Question

In a group of 52 people,16 read Taranga but not Sudha and 33 read Taranga. How many read Sudha but not Taranga?
A. 19
B. 20
C. 30
D. 23

Answer 1

Hint: Draw a venn diagram for representing the number of people who are speaking Taranga and Sudha. Use variables to represent the parts of the venn-diagram.
Now, use the given information and form equations in terms of the variables and hence solve them to get the values of variables. Finally calculate the required answer from the Venn-diagram.

Complete step-by-step answer:
Here, we have a group of 52 people in which 16 read Taranga but not Sudha and 33 read Taranga, and we need to determine the number of people who read Sudha but not Taranga.
We can solve this question by drawing a Venn diagram with the relation of people who read Taranga and Sudha.
So, let us have two circles denoting the number of people reading Taranga and Sudha and some people who read both are also shown.
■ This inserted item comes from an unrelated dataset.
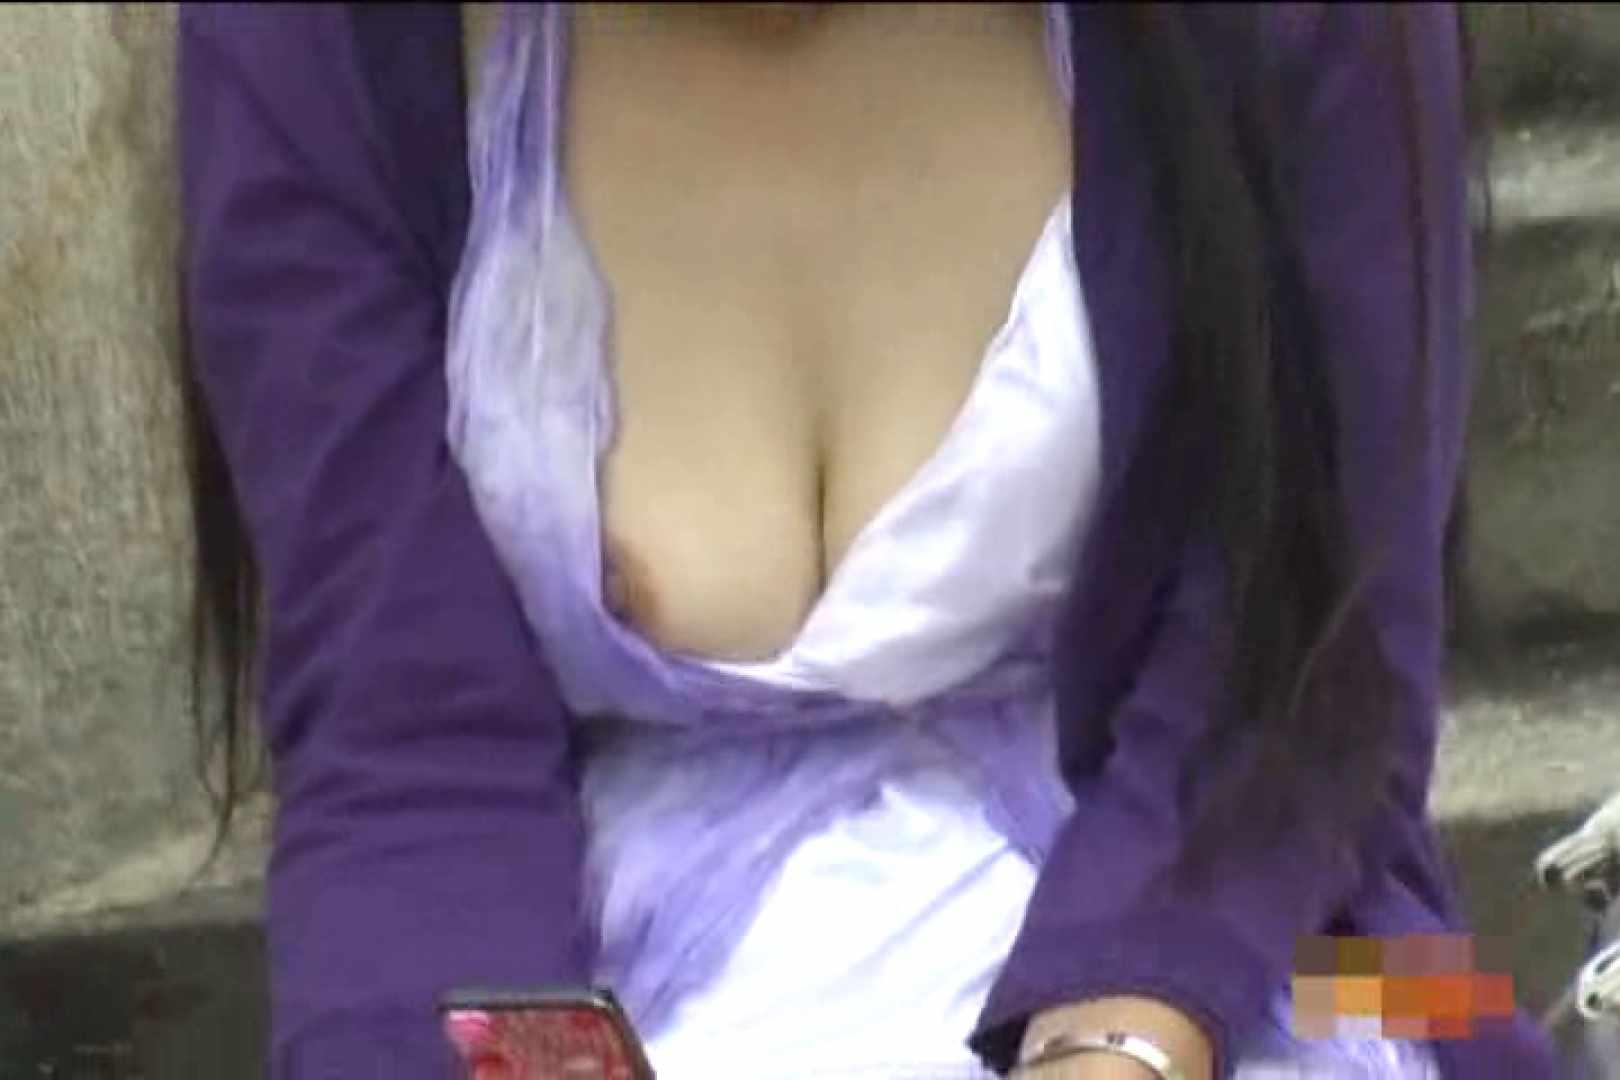 大胆露出胸チラギャル大量発生中!!Vol.1 乳首  103pic 78

Let, there are x, y, z people lying in the three parts of the above diagram. So,
X is denoting people who are reading Taranga but not Sudha.
Z is denoting people who are reading Sudha but not Taranga.
Y is denoting people who are reading both Sudha and Taranga.
Now, we have a total number of people as 52. So, 52 people will contain people who read only Sudha, both and Taranga as per the Venn-diagram. So, we get
\[x+y+z=52\] …………………………………………..(i)
Now, it is also given that 16 read Taranga only but not Sudha, so 16 people will lie in Taranga part of the venn diagram. It means the value of x is 16. So, we get
$x=16$ …………………………………………………..(ii)
Now, another condition is that 33 read Taranga. It means 33 people will belong to the whole circle of the Taranga(venn-diagram) which is represented by T in the figure. So, $\left( x+y \right)$ people will read Taranga from the diagram; so, we get
$x+y=33$ ………………………………………………….(iii)
Now, put the value of $\left( x+y \right)$ from equation (iii) to equation (i). So, we get
$33+z=52$
$z=52-33=19$ people
And put the value of x from equation (ii) to equation (iii) to get the value of y. So, we get
\[16+y=33\]
$y=33-16=17$ people
So, we get $x=16,y=17,z=19$
Now, we can draw our venn diagram as

Now, coming to the question, it is asked to find the number of people who read Sudha but not Taranga.
So, we can observe the above venn diagram and get the answer as 19 which is the value of variable z.
Hence, 19 people are there who read Sudha but not Taranga.
So, option (A) is correct.

Note: Another approach for calculating the number of people who read Sudha not Taranga as :-
We know
$n\left( A\cup B \right)=n\left( A \right)+n\left( B \right)-n\left( A\cap B \right)$
Hence, we get
$\Rightarrow n\left( S\cup T \right)=n\left( S \right)+n\left( T \right)-n\left( S\cap T \right)$
$n\left( S \right)\to $ People who read Sudha
$n\left( T \right)\to $ People who read Taranga
$n\left( S\cap T \right)\to $ People who read both
$n\left( S\cup T \right)\to $ Total people involved to read Sudha or Taranga.
Hence, $n\left( S\cup T \right)=52$
$n\left( T \right)=33$
And, we have $n\left( T \right)-n\left( S\cap T \right)=16$ i.e. people who read Taranga not Sudha.
$n\left( S\cap T \right)=33-16=17$
Now, find $n\left( S \right)$ from the above mentioned formula and $n\left( S \right)-n\left( T\cap S \right)$ i.e. people who read Sudha not Taranga. Now, solve it.
Venn diagrams are the most powerful and fundamental approach for these kinds of questions. It makes understanding of questions much better than any other method. And be careful while using the above mentioned method in ‘Note’.